Rheumatoid Arthritis: Bové A

Ramos-Casals M, Brito-Zerón P, Soria N, Nardi N, Vargas A, Muñoz S, Bové A, Suárez B, Lozano F. · Department of Autoimmune Diseases, Laboratory of Autoimmune Diseases Josep Font, Institut d'Investigacions Biomèdiques August Pi i Sunyer, Barcelona, Spain. · Rheumatology (Oxford). · Pubmed #19056797 No free full text.
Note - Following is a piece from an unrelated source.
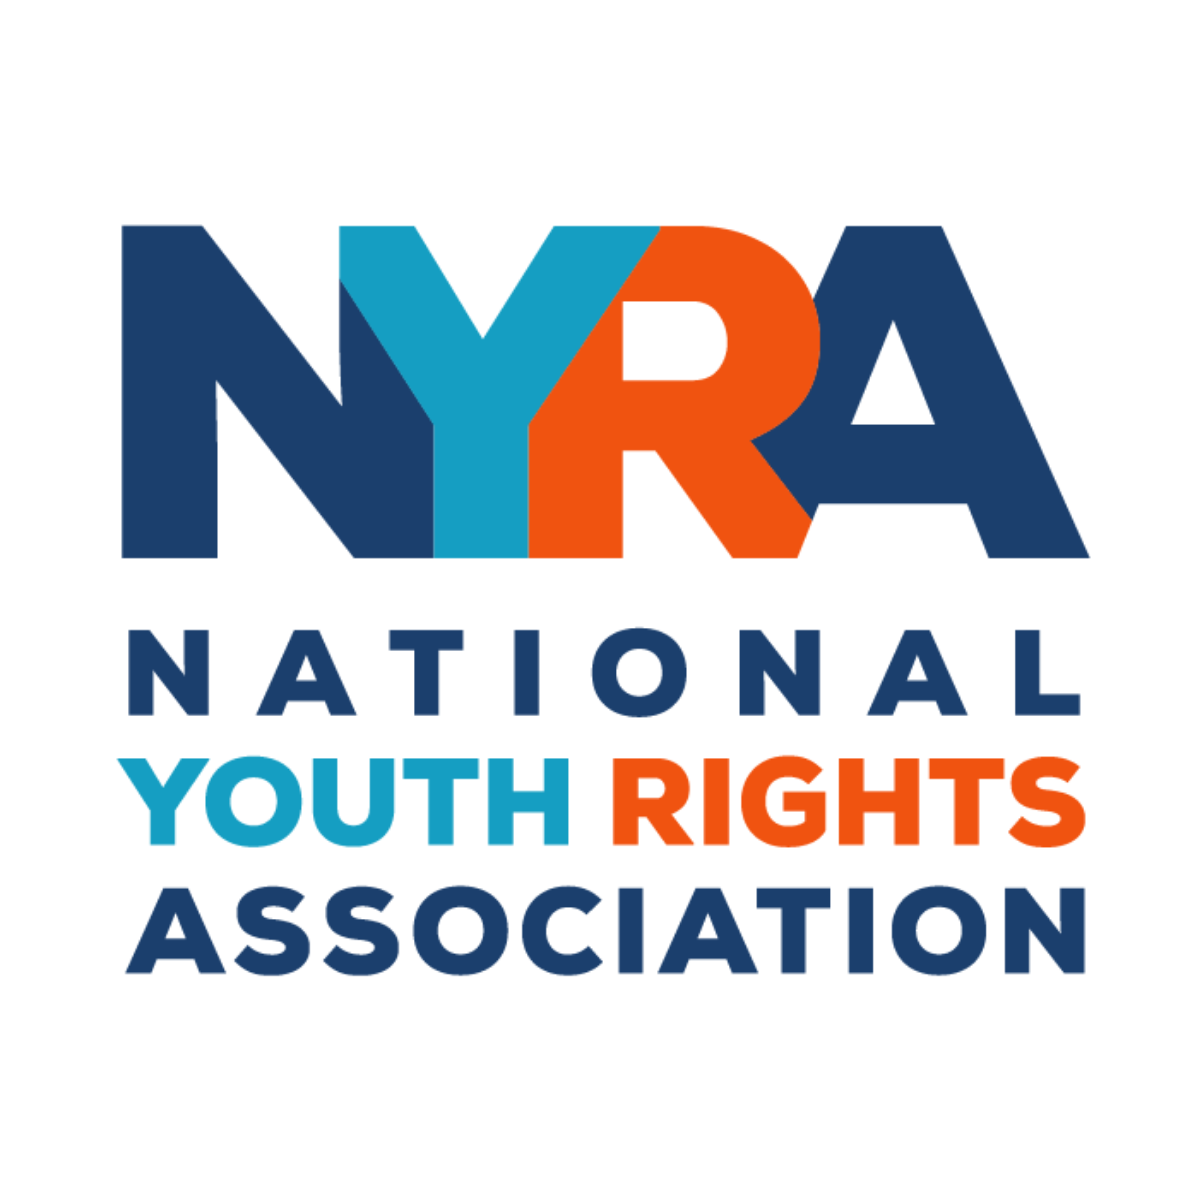 Rights org. Youth rights. Логотип ныра. Topfree equal rights Association. NFA logo.

Abstract: OBJECTIVE: To investigate the association of mannose-binding lectin (MBL)-low genotypes with the clinical and immunological expression of primary SS. METHODS: Eighty-one patients with primary SS who fulfilled the 2002 classification criteria were included in the study. MBL2 polymorphisms were investigated by sequence-based DNA typing of the promoter and exon 1. Genotypes 0/0, 0/XA or XA/XA were considered as MBL-low and XA/A, A/0 and A/A as MBL-sufficient. Control groups included 46 patients who exclusively fulfilled the 1993 SS criteria, 114 SLE patients and 104 healthy individuals. RESULTS: Twelve (15%) SS patients had MBL-low genotypes, of whom six (7%) had genotype 0/XA, five (6%) had genotype 0/0 and one (1%) had genotype XA/XA. A higher prevalence of the XA/A genotype (32 vs 17%, P = 0.01) was found in primary SS patients in comparison with SLE patients. No patient with primary SS carrying MBL-low genotypes had purpura, glomerulonephritis or neurological involvement (0 vs 29%, P = 0.025). Immunologically, patients carrying MBL-low genotypes had a lower frequency of anti-Ro/SS-A antibodies (17 vs 55%, P = 0.014), anti-La/SS-B antibodies (8 vs 48%, P = 0.009) and low C4/C3 levels (0 vs 32%, P = 0.016). No patient with primary SS carrying the homozygous MBL-deficient genotype 0/0 had anti-Ro/SS-A or anti-La/SS-B antibodies, low C3/C4 levels or circulating cryoglobulins. CONCLUSION: SS patients with MBL-low genotypes have a less pronounced systemic and immunological disease expression in comparison with those carrying MBL-sufficient genotypes. In primary SS, MBL deficiency may represent a protective factor against the development of more aggressive autoimmune damage.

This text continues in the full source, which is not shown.